* **DATA FOR THE TASK**:
Content starts
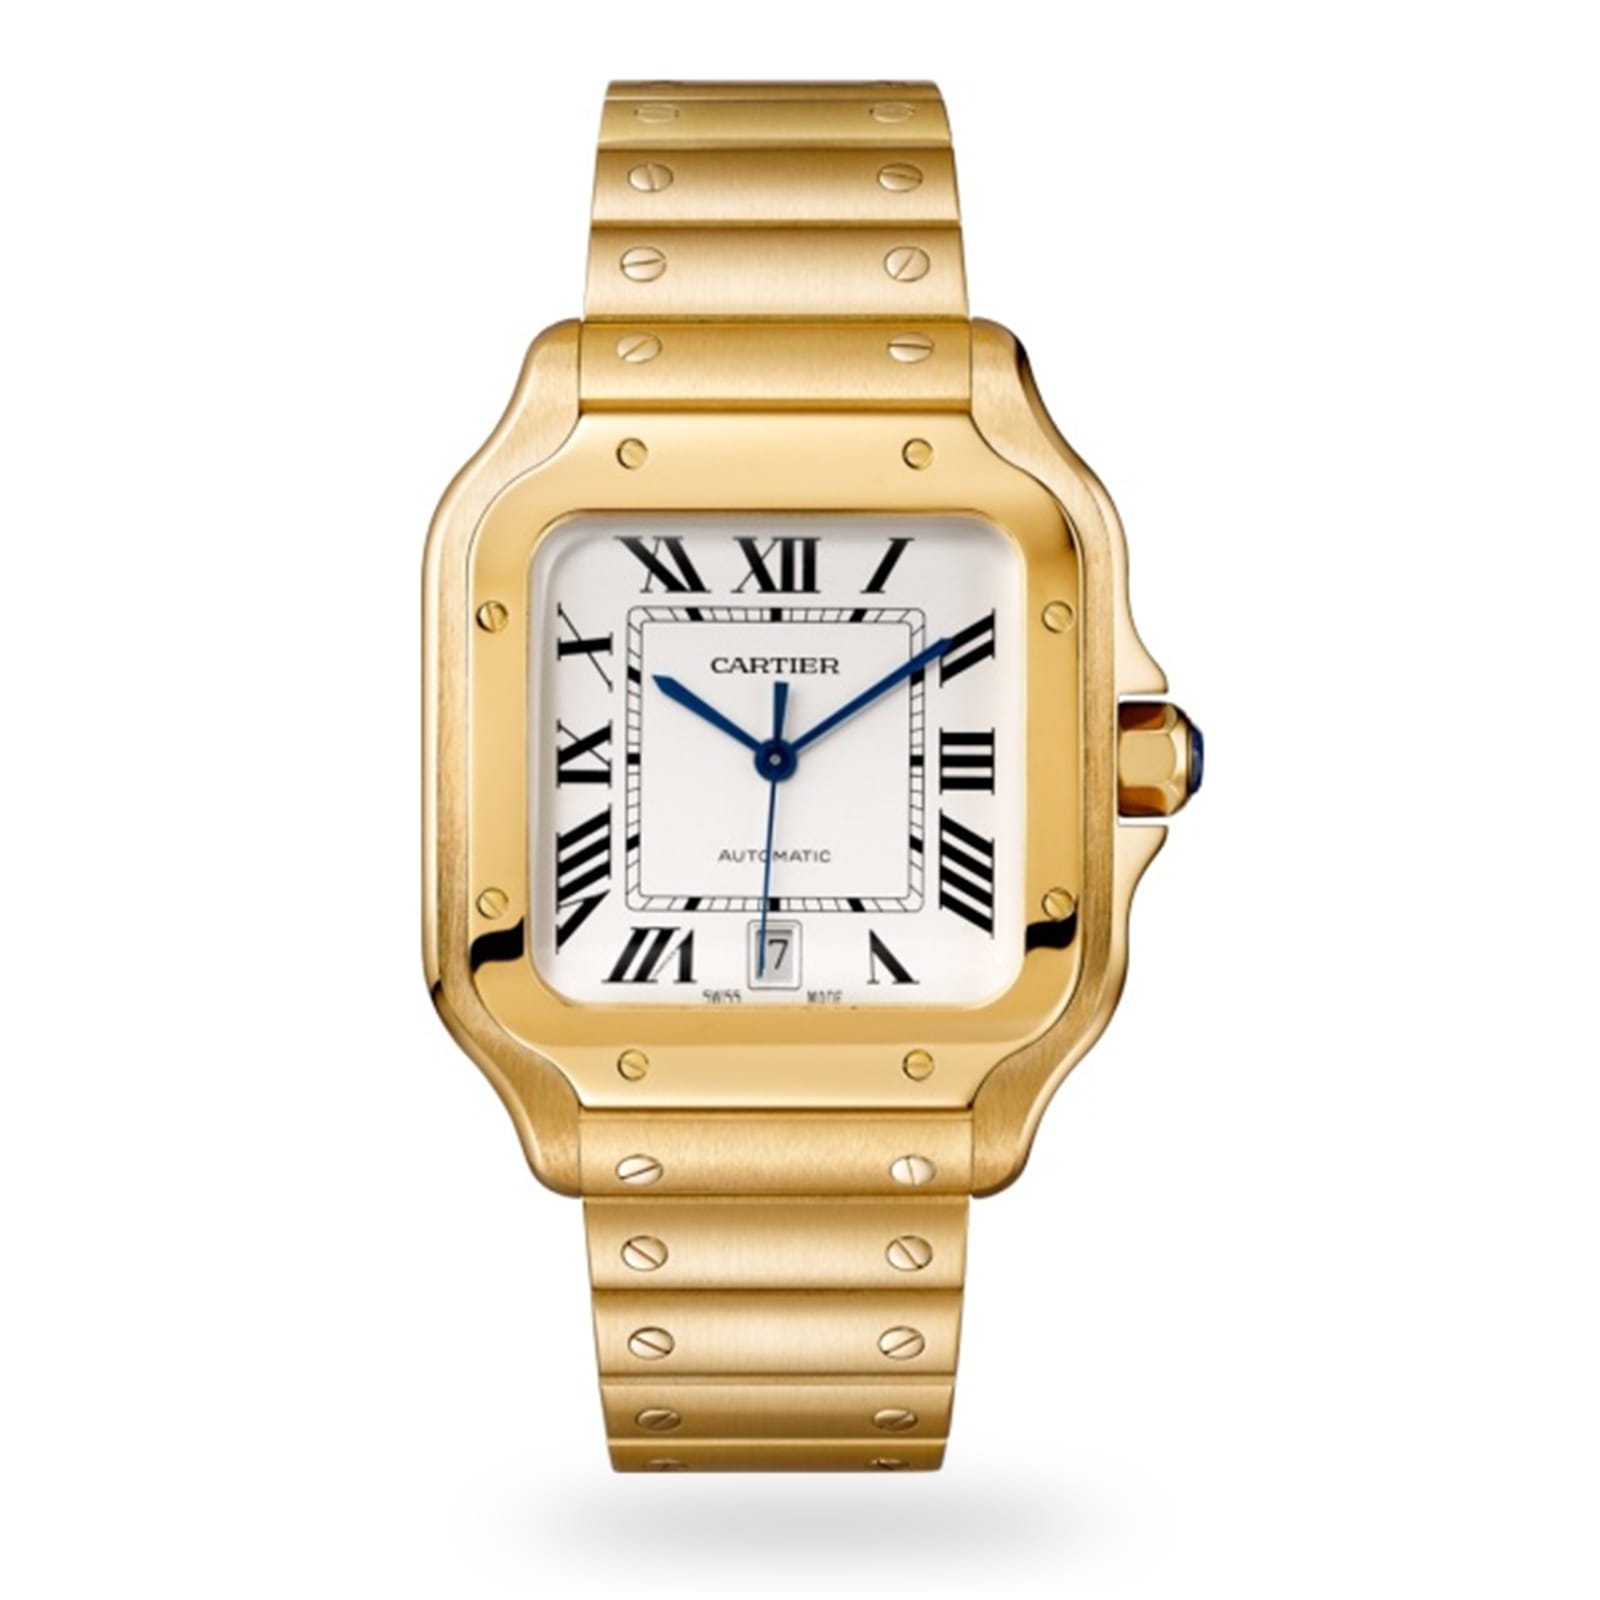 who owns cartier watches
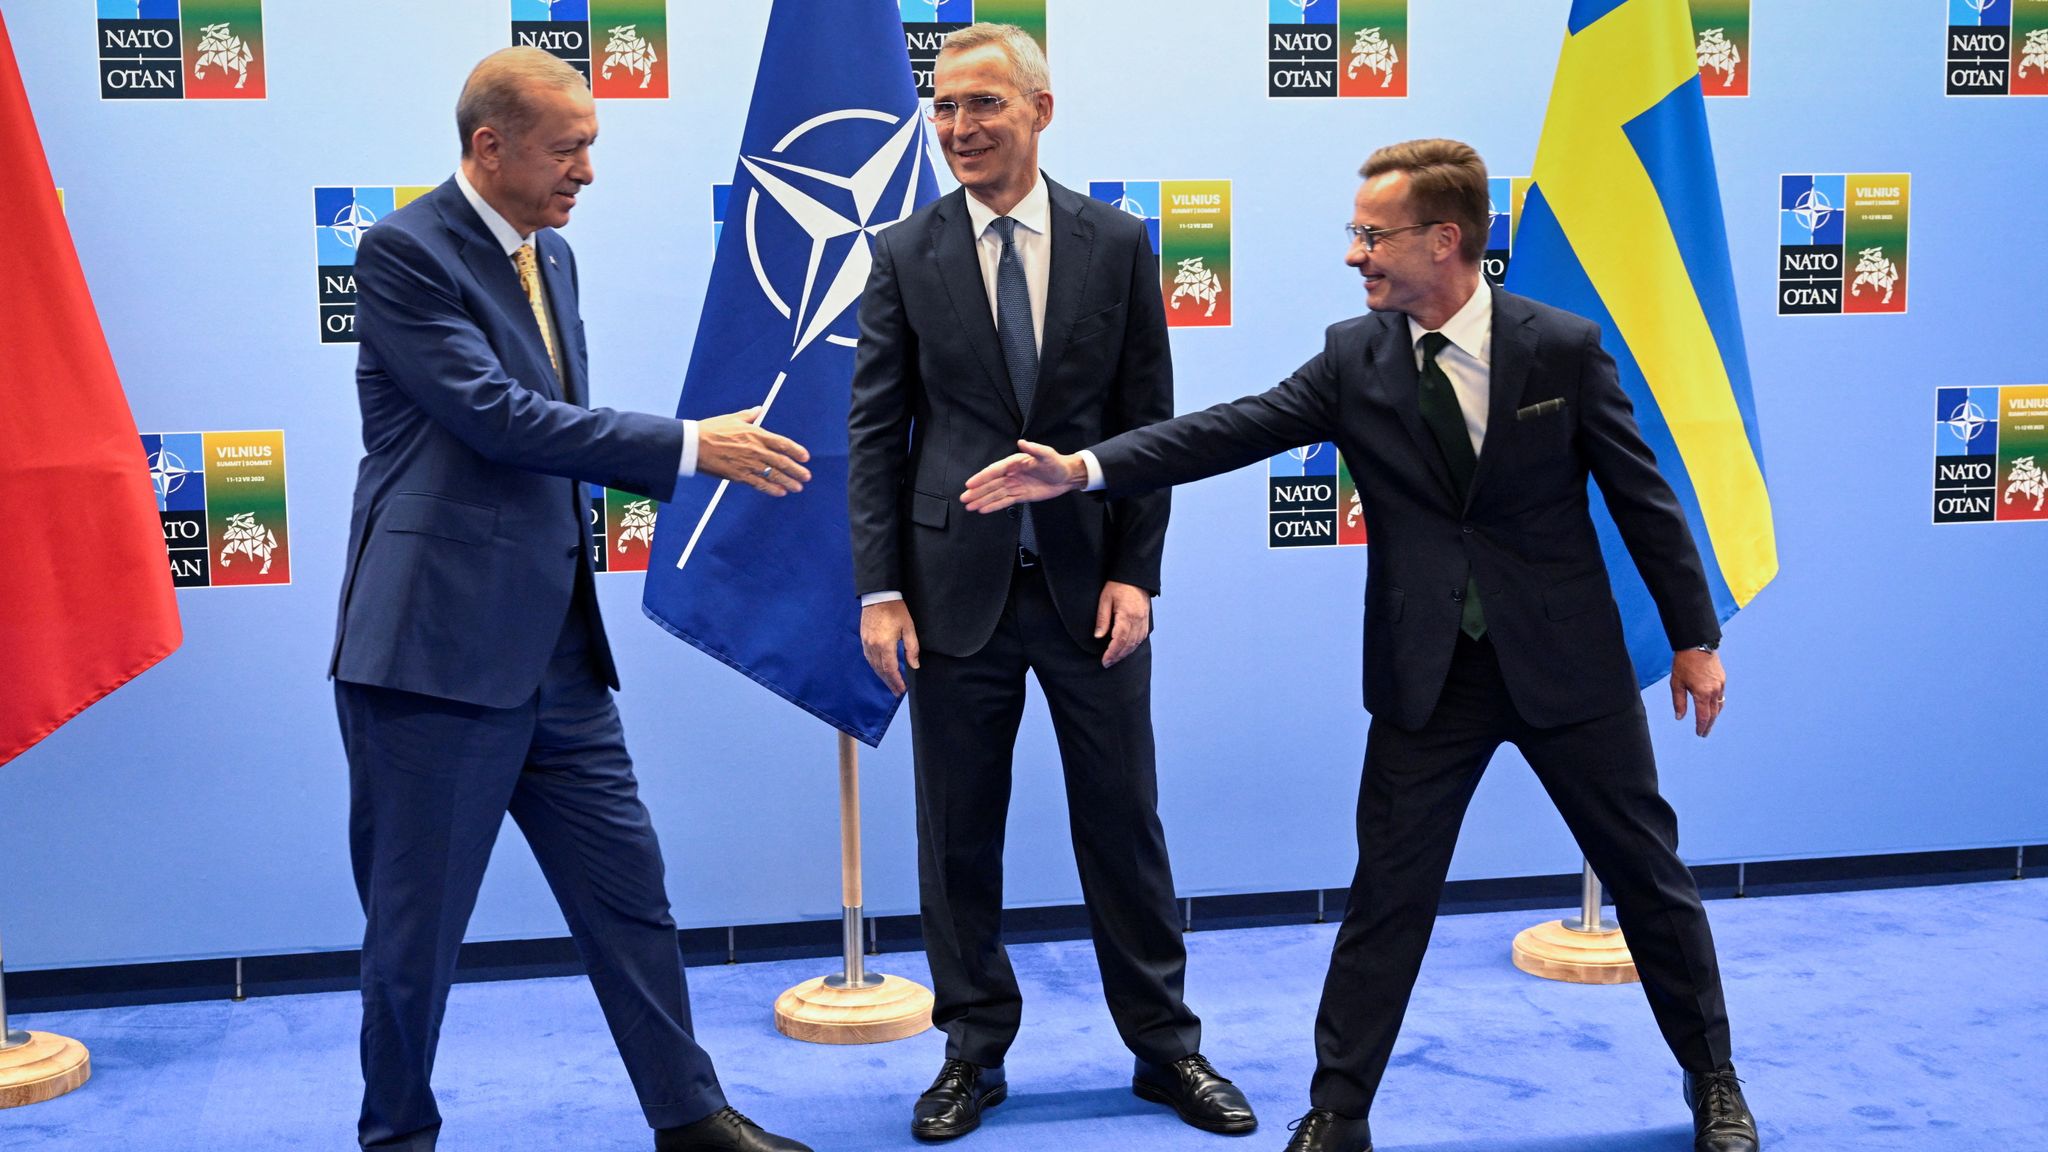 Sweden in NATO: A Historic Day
Content ends
Content starts
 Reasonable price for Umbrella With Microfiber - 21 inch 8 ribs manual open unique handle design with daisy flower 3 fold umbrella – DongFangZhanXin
Content ends
Copy the listing above exactly, but only from the line with "who owns cartier watches" through the line with "Sweden in NATO: A Historic Day", including those two lines and excluding any picture.

 who owns cartier watches
 Sweden in NATO: A Historic Day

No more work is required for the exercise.